* [To do]: Please set out each line below exactly as it stands, without the images.

(Stored data entries)

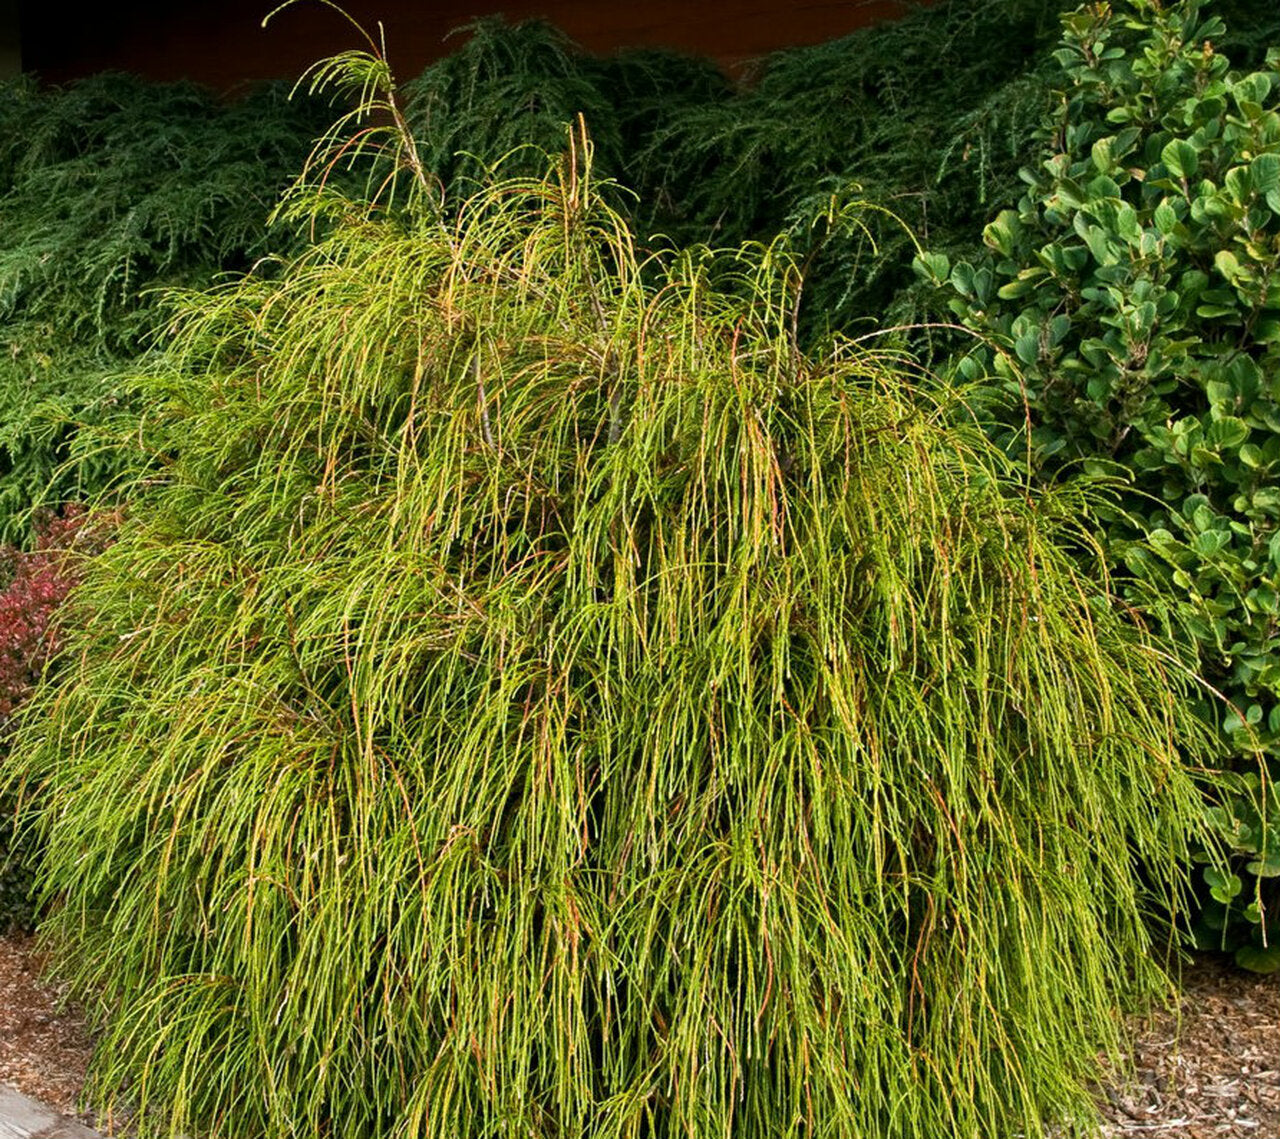 Whipcord Cedar (Thuja plicata 'Whipcord') - 1 Gallon Potted Tree
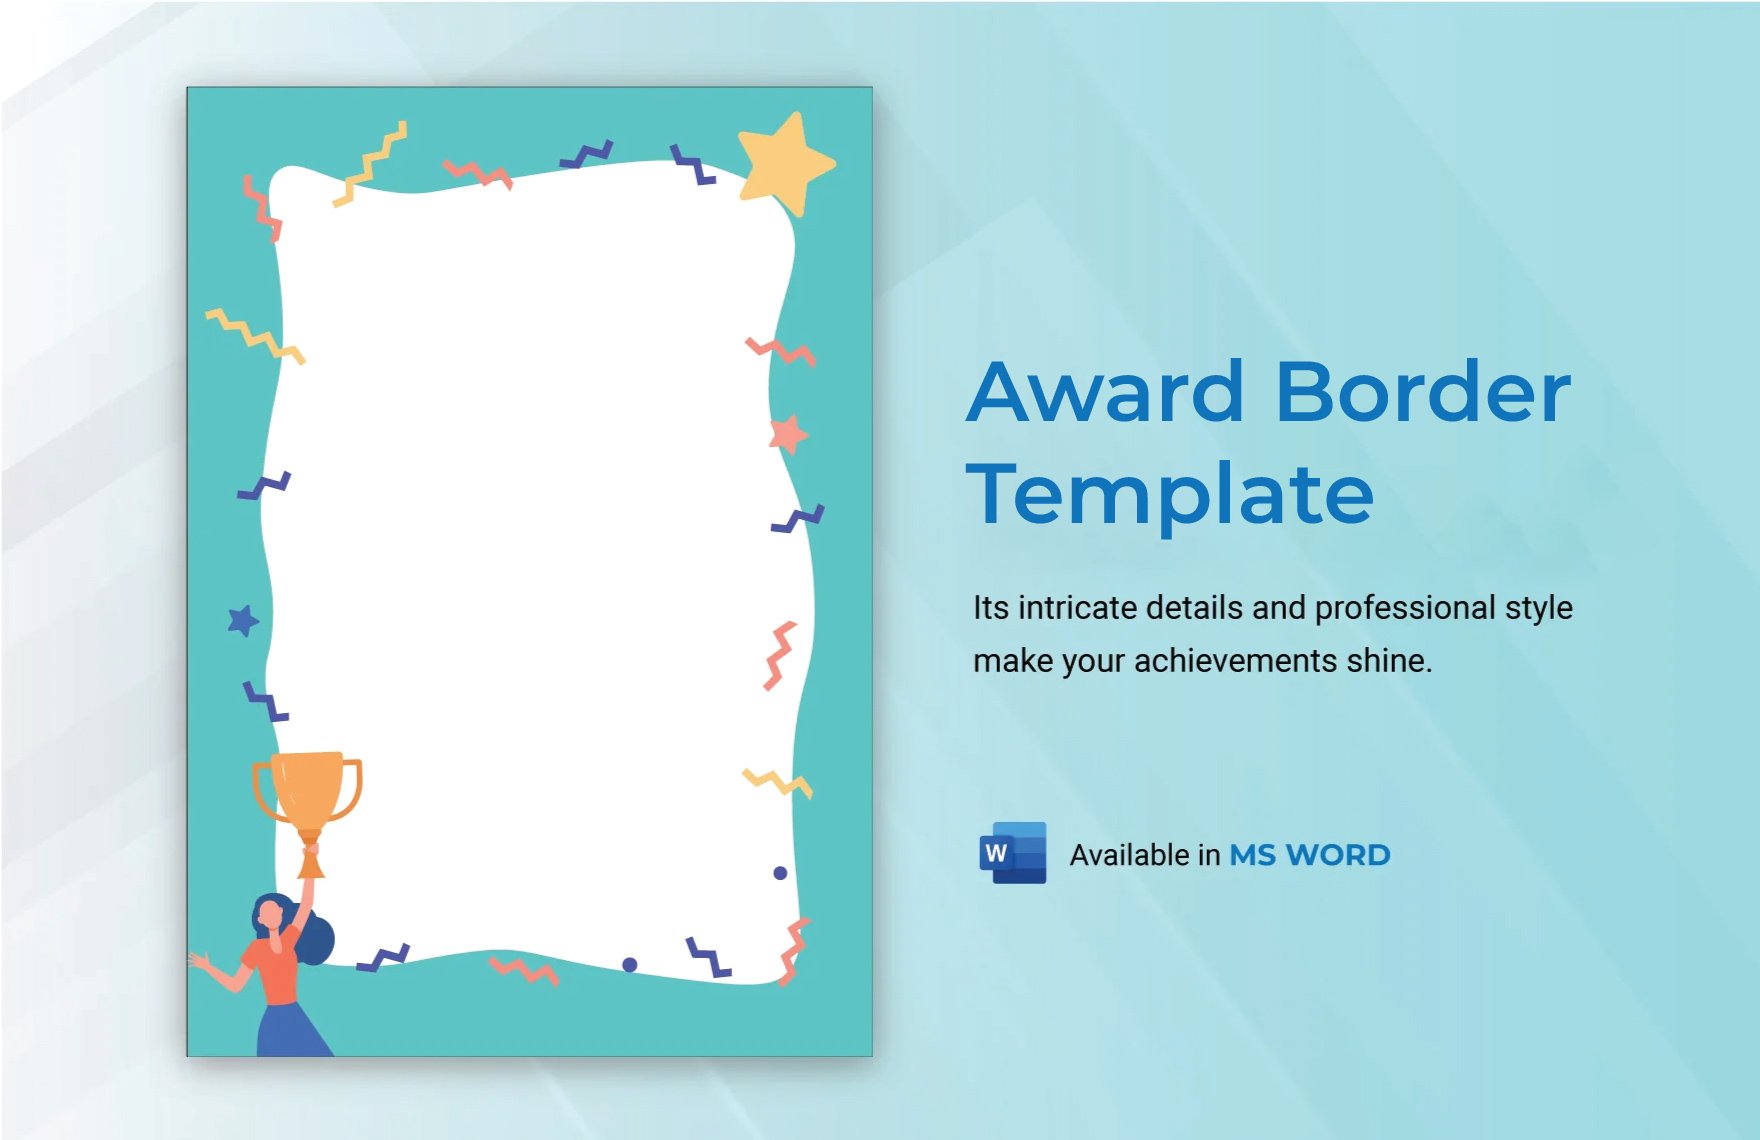 Award Border Template
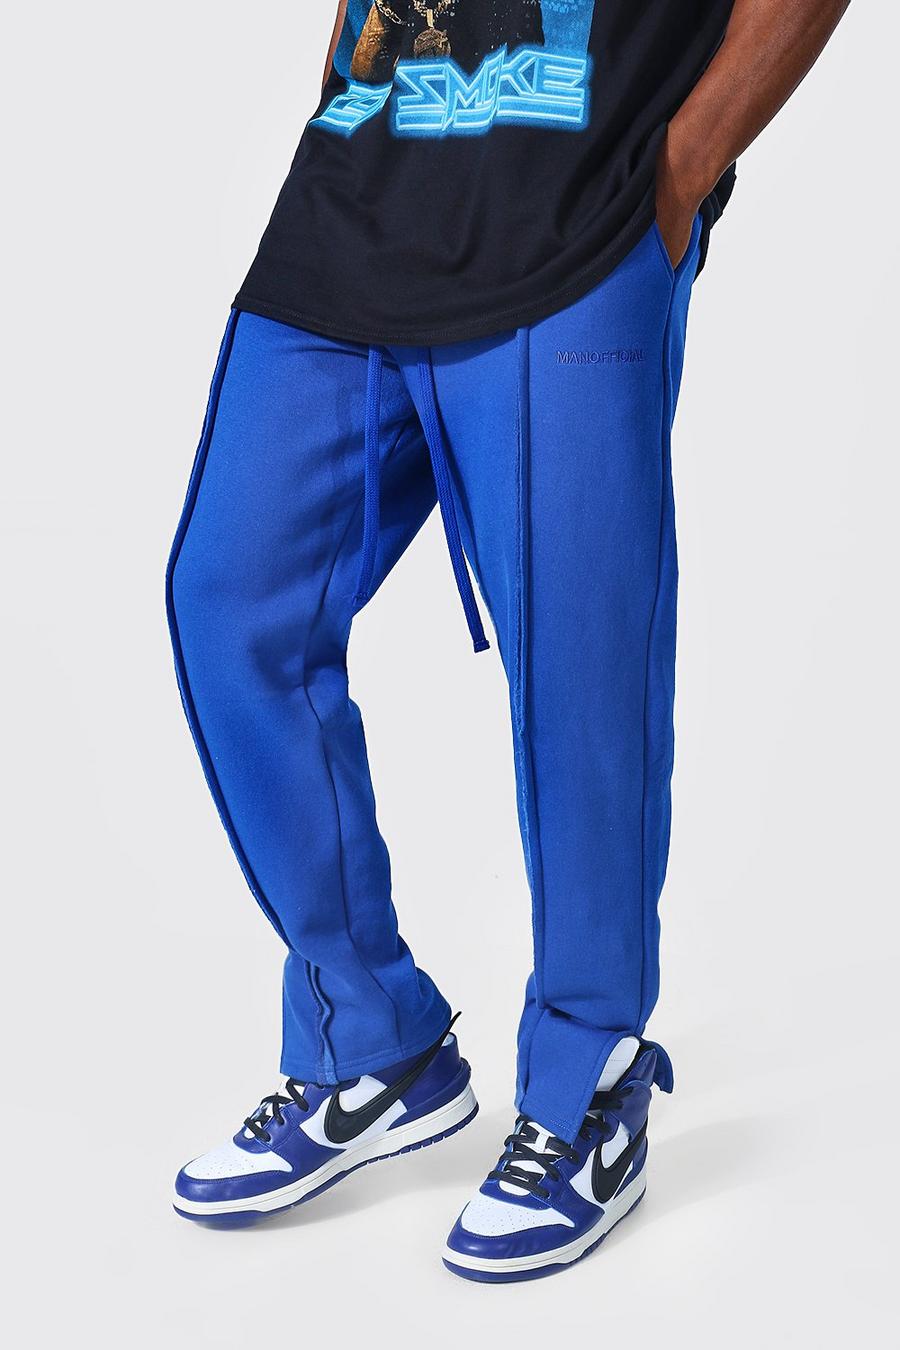 Pantaloni tuta comodi Man Official con spacco sul fondo, Cobalt azul image number 1
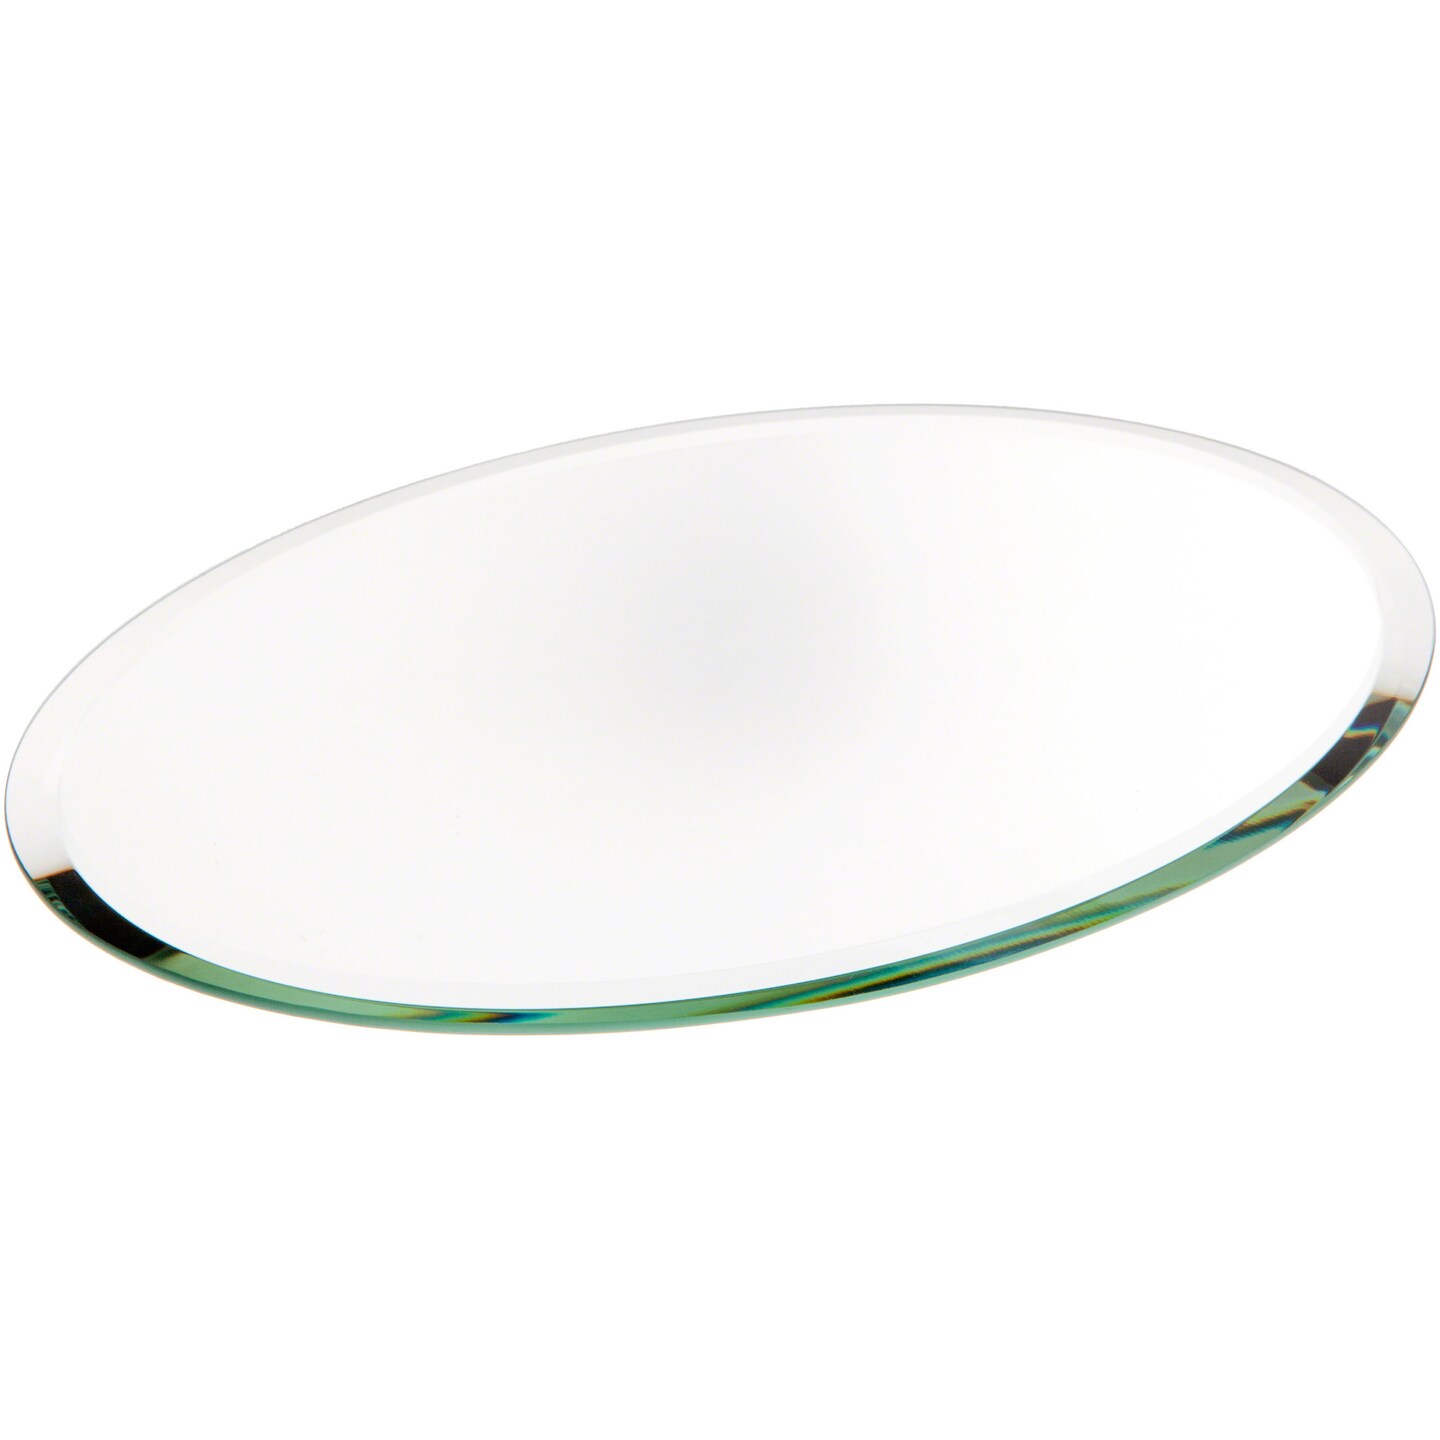 Plymor Oval 3mm Beveled Glass Mirror, 5 inch x 7 inch
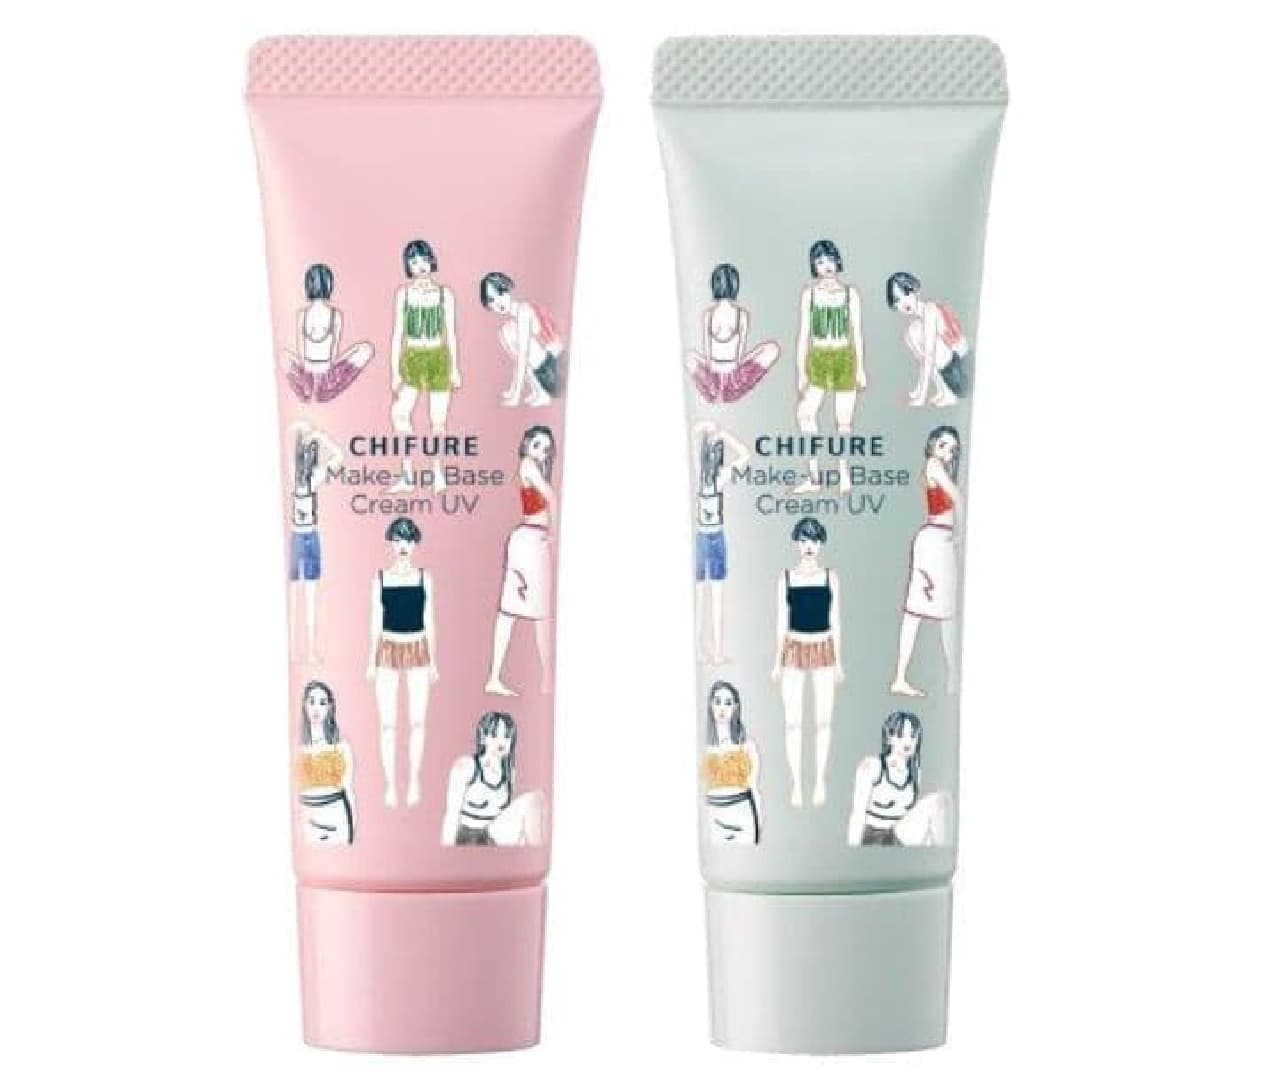 "Chifure Makeup Base Cream UV" designed by itabamoe

* [Your solution]:
 Whipcord Cedar (Thuja plicata 'Whipcord') - 1 Gallon Potted Tree
 Award Border Template
 Pantaloni tuta comodi Man Official con spacco sul fondo, Cobalt azul image number 1
 Plymor Oval 3mm Beveled Glass Mirror, 5 inch x 7 inch
 "Chifure Makeup Base Cream UV" designed by itabamoe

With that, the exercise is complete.